Some newspapers then came up with a new twist - linking the pictures to an international community of animal sadists and fetishists. One website said the sequence was well-known in Japan, where it started life as an advertisement for a brand of stiletto shoes, and identified the woman as a model.

But attention returned to China when an internet surfer came across a 37-year-old woman from Hubei province with the internet identity "Gainmas". She had registered a website in Hangzhou and - the ultimate evidence - had bought a pair of stilettoes on eBay last year.

She was also registered with QQ, a popular Chinese message service, where she wrote of herself: "I furiously crush everything to do with you and me."

Before her QQ address went dead, its owner had several conversations. In one, she is coy, saying "So what?" when asked if the pictures are of her, and then, when asked again, replying: "In theory."

When confronted by a reporter, she became defensive, saying: "Suddenly hundreds of people are on my QQ and cursing me. What's the problem if I crush cats? It's a type of experience. You wouldn't understand."

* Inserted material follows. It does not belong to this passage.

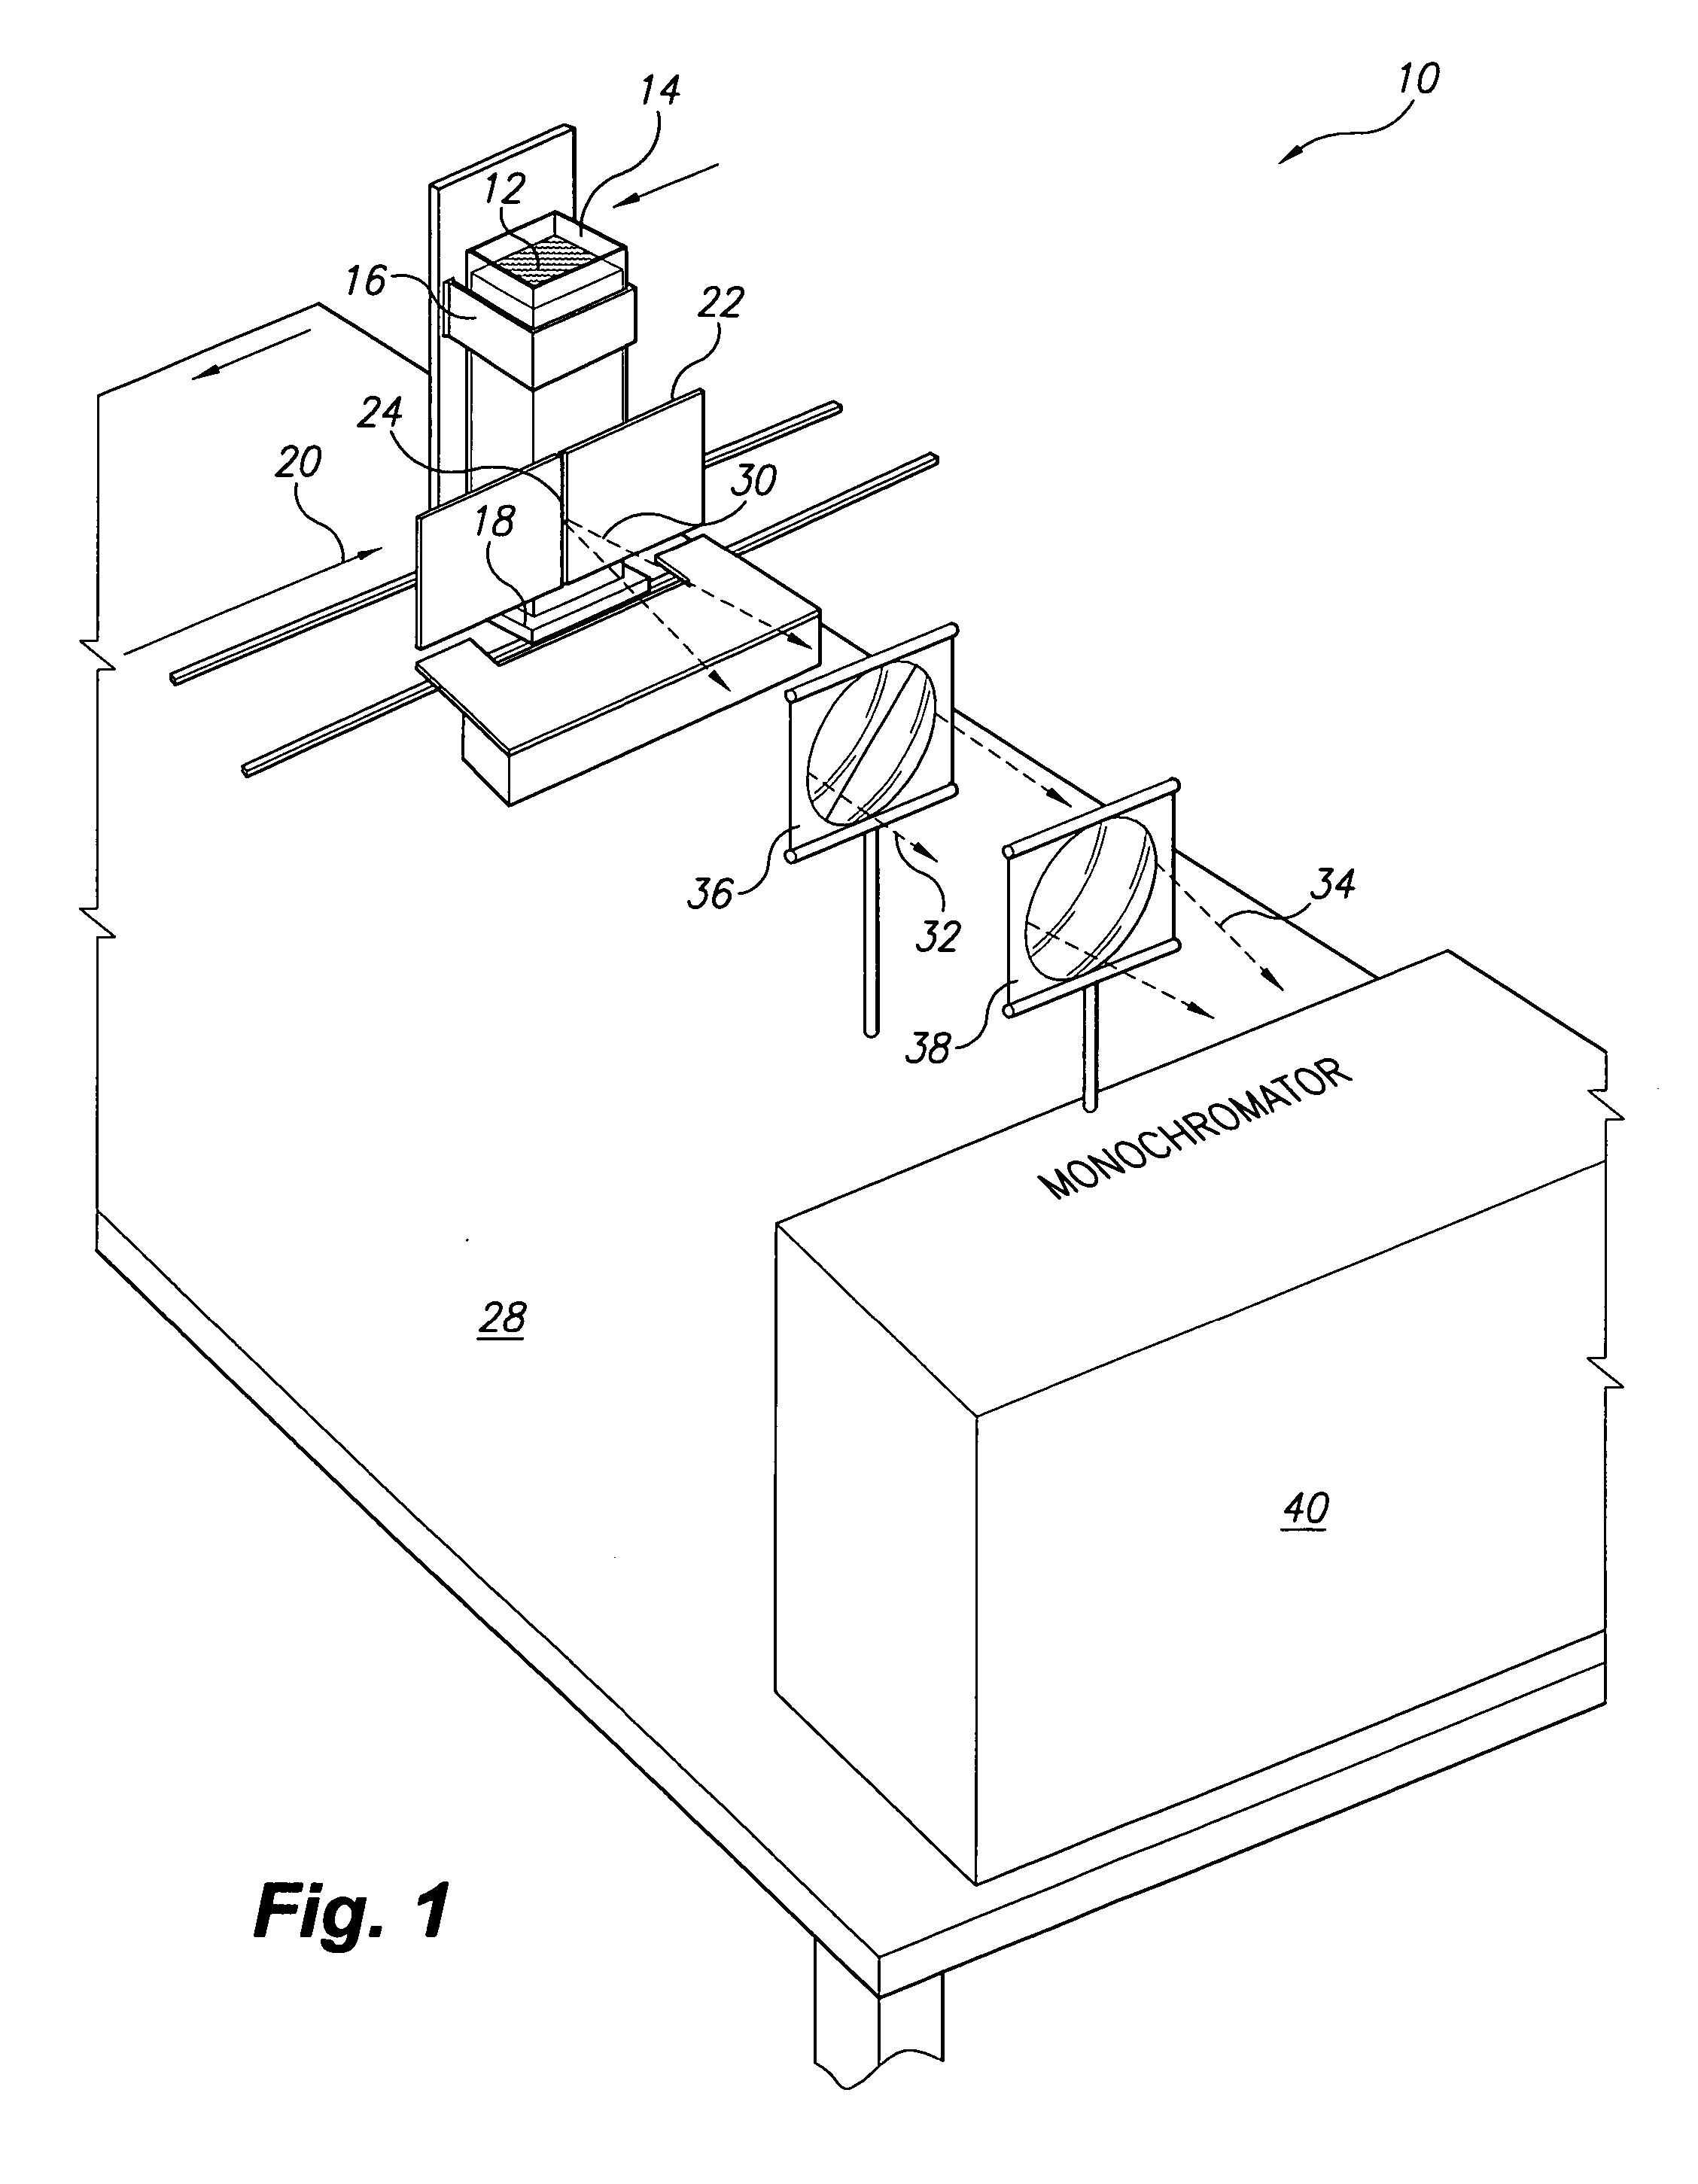 Apparatus and method for measuring concentrations of fuel mixtures using depth-resolved laser-induced fluorescence

He Yong, a Beijing representative of the International Fund for Animal Welfare, said the angry response to the pictures had been heartening.

"We are still trying to confirm who it is in the pictures and where it is," he said. "The embarrassing thing is that there are no available laws in China governing this type of misbehaviour.

"We are trying to draft an open letter to the authorities asking for the possibility of creating an animal welfare law."